Here is what I posit: Everything implicates all of us. All Americans are implicated by the attacks of Sept. 11, 2001 even if we were not the hijackers of the planes that rammed the Pentagon, the Twin Towers of the World Trade Center or the empty field in Pennsylvania. We are implicated by how well our children do in life…and how badly they do. We are implicated by the current economic, political and social climate of our nation and world.
Being implicated isn’t the same thing as being at fault for something, but it does suggest that we play a role in what happens–often an intimate role in our own unique way. We are all responsible for the world we live in.

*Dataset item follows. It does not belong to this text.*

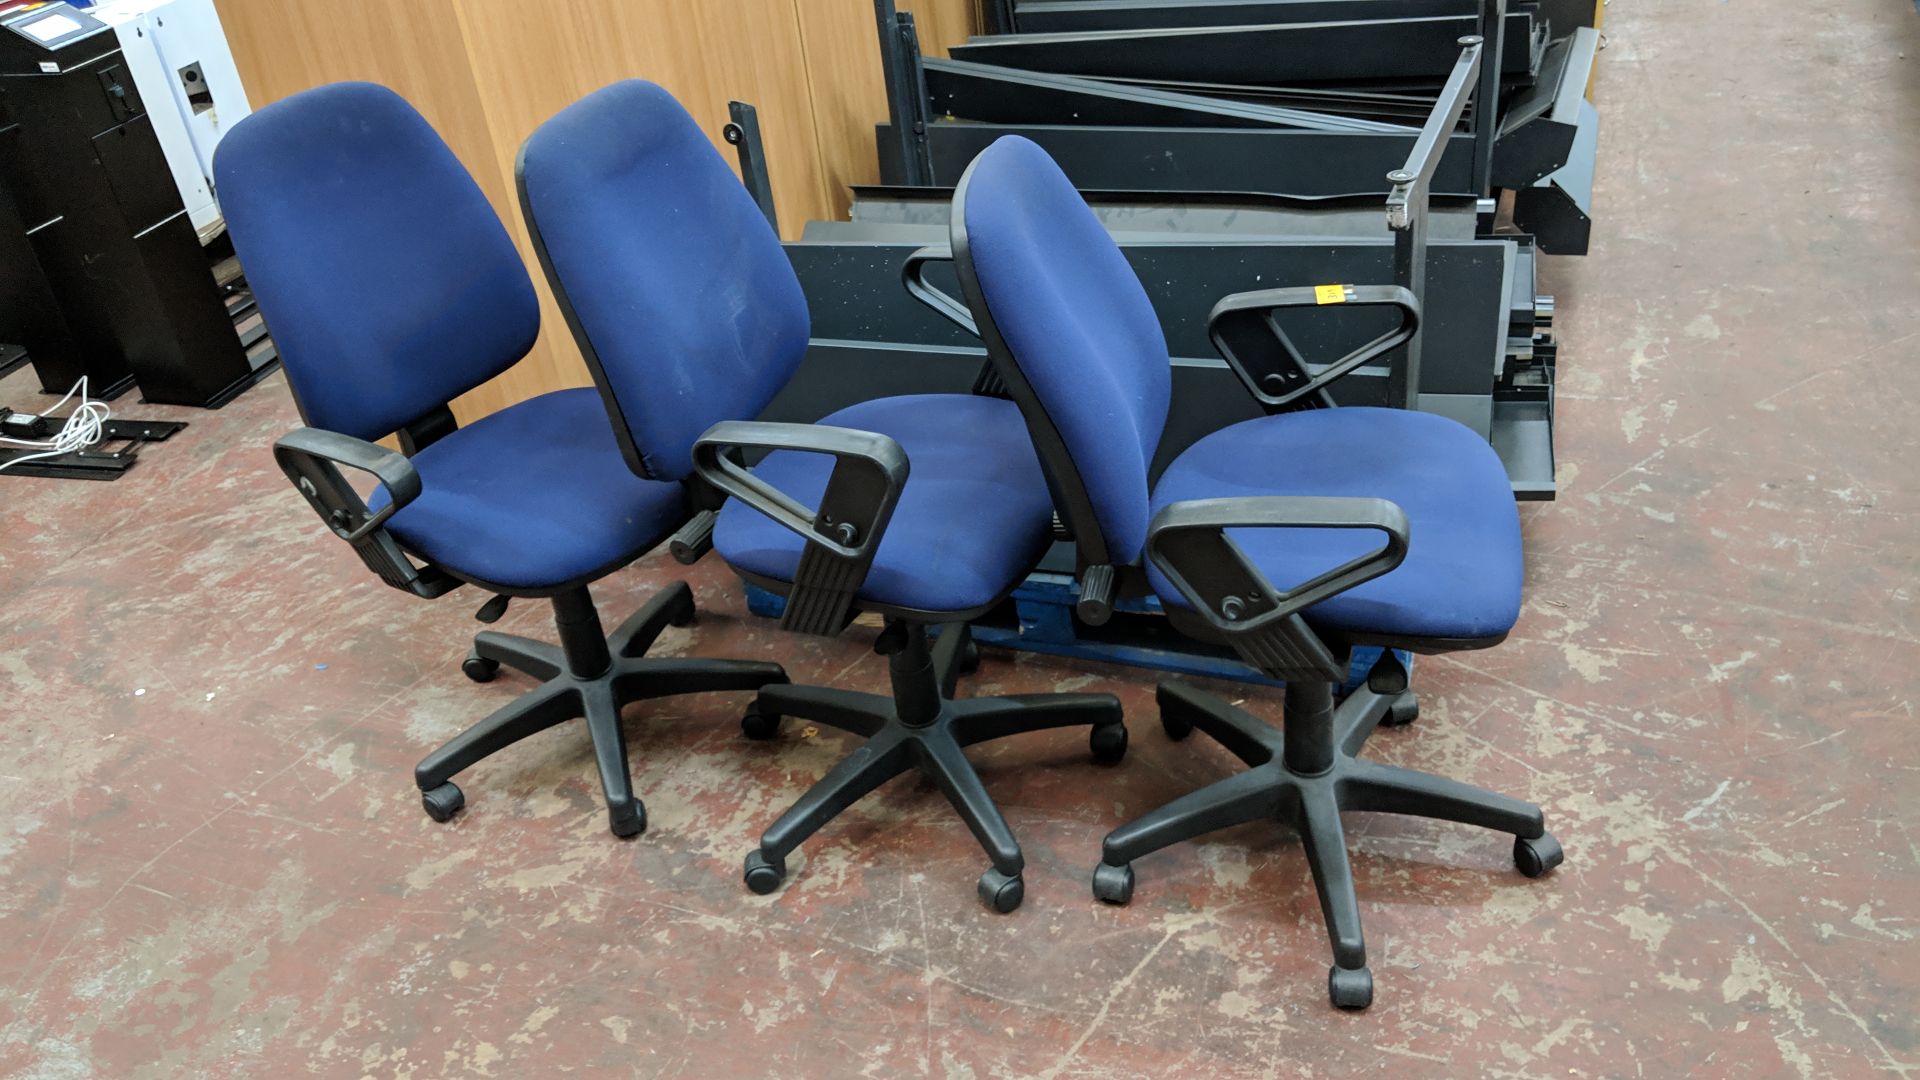 3 off matching dark blue upholstered operators' chairs with arms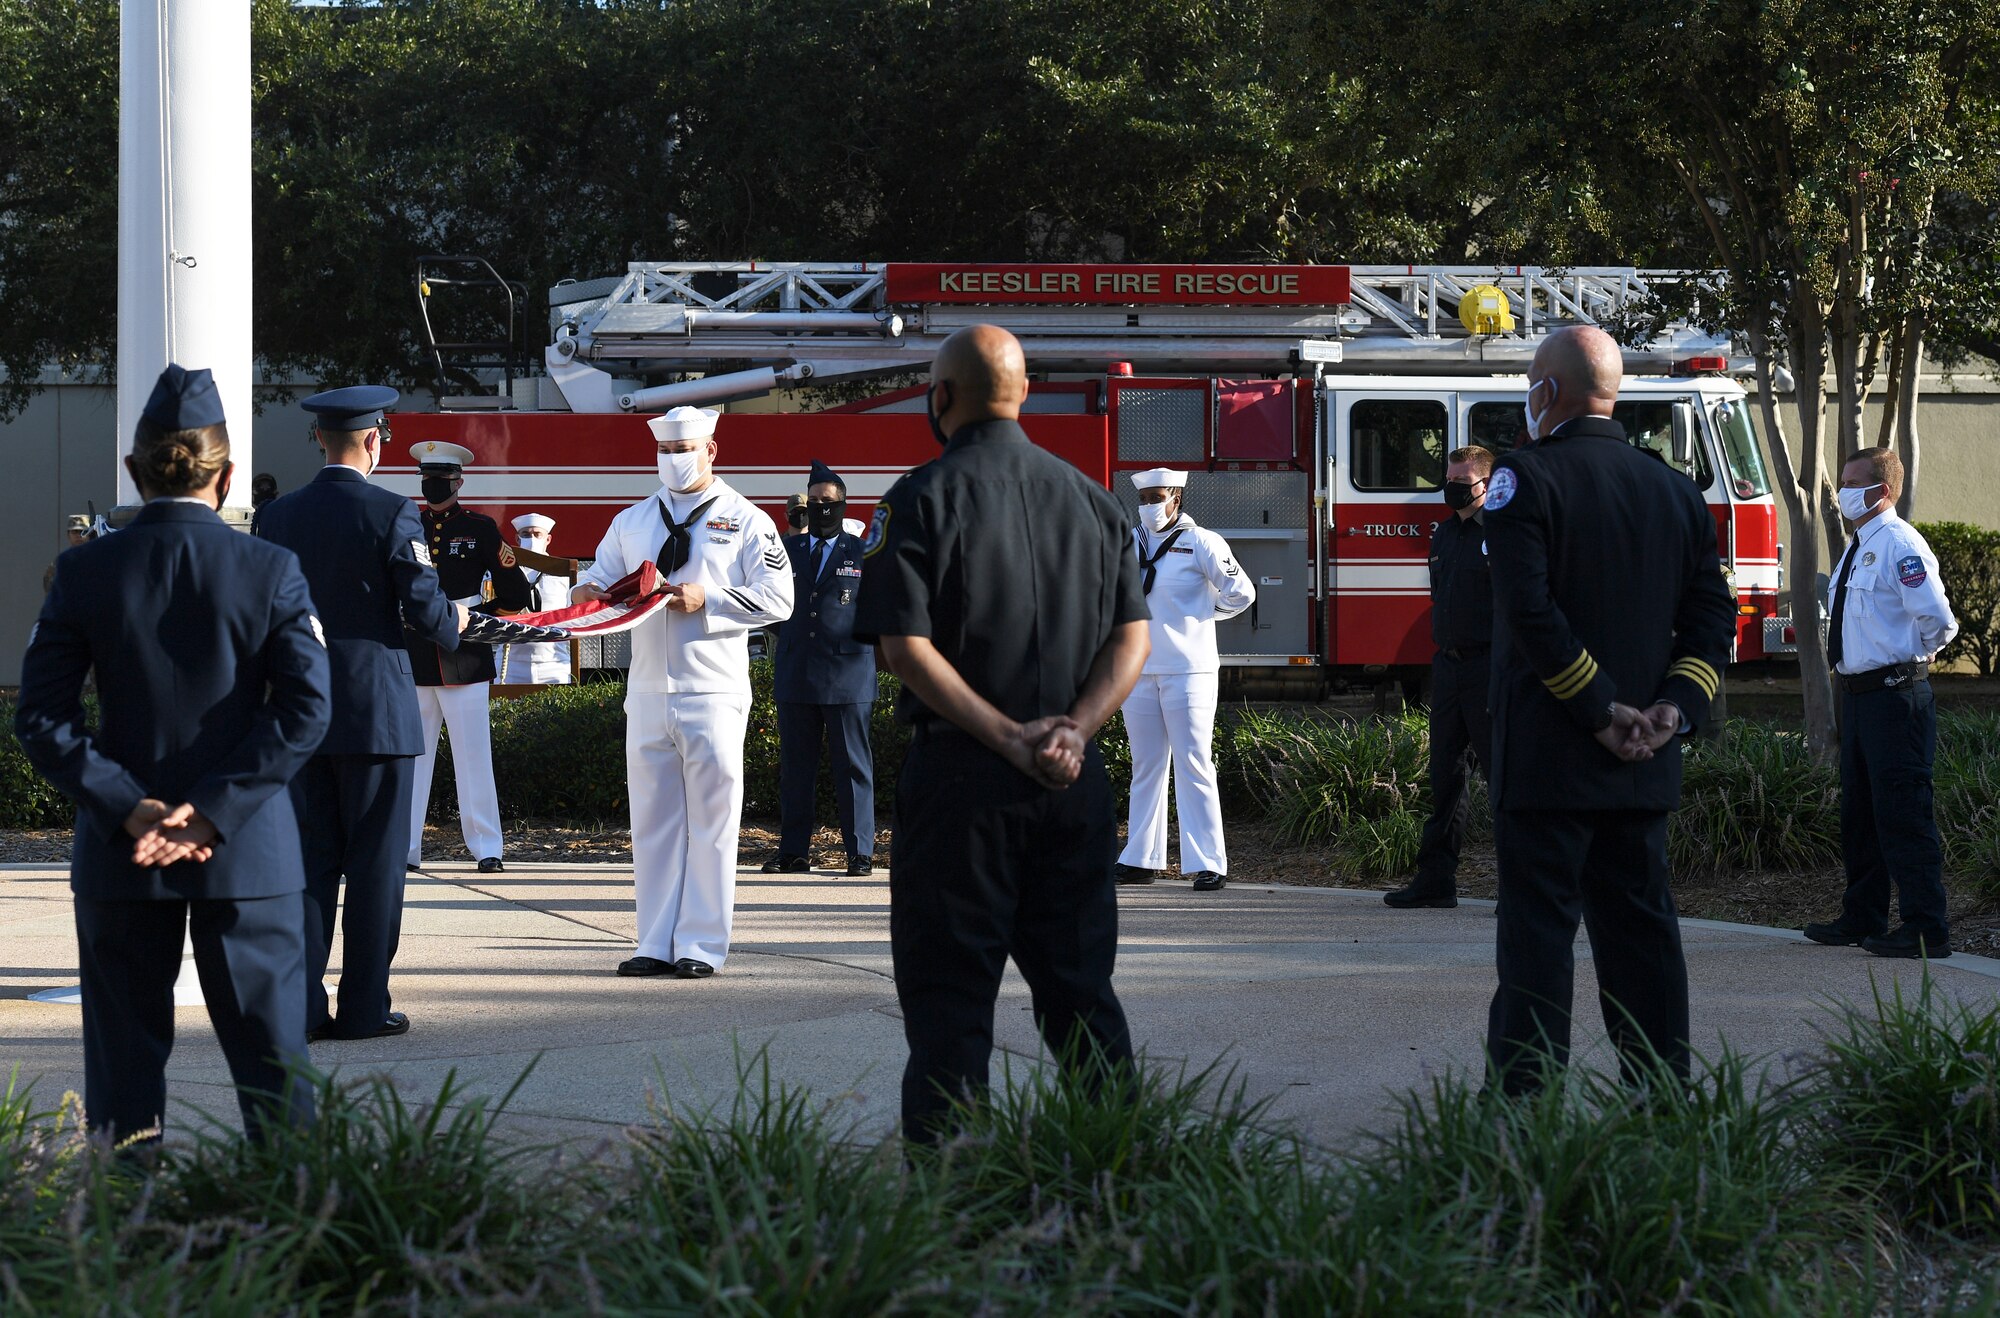 Keesler Airmen, Sailors and Marines participate in a 9/11 memorial ceremony hosted by the Center for Naval Aviation Technical Training Unit Keesler in front of the 81st Training Wing headquarters building at Keesler Air Force Base, Mississippi, Sept. 11, 2020. The event honored those who lost their lives during the 9/11 attacks. (U.S. Air Force photo by Kemberly Groue)

Here is what I also posit: one of the first things, if not the first thing, that we should all be doing conversationally and in our minds is to ask, “How does this incident or this situation implicate me?” and “How do I contribute to it?” Only in our attempts to answer these questions can we then proceed with determining who else is implicated by the incidents and situations that seem to us by turns harmful and positive. And only then can we begin to express definitive opinions which lead to a call to action, to the formulation of policy.
The challenge is this: to implicate ourselves in the incidents and situations we find ourselves in while still having a bias for action, to help effect positive change. This blog is designed to describe the Little House that we all dance in, and to carry on the conversation–in the best sense of that word–about how we can live in the house gracefully and humanely.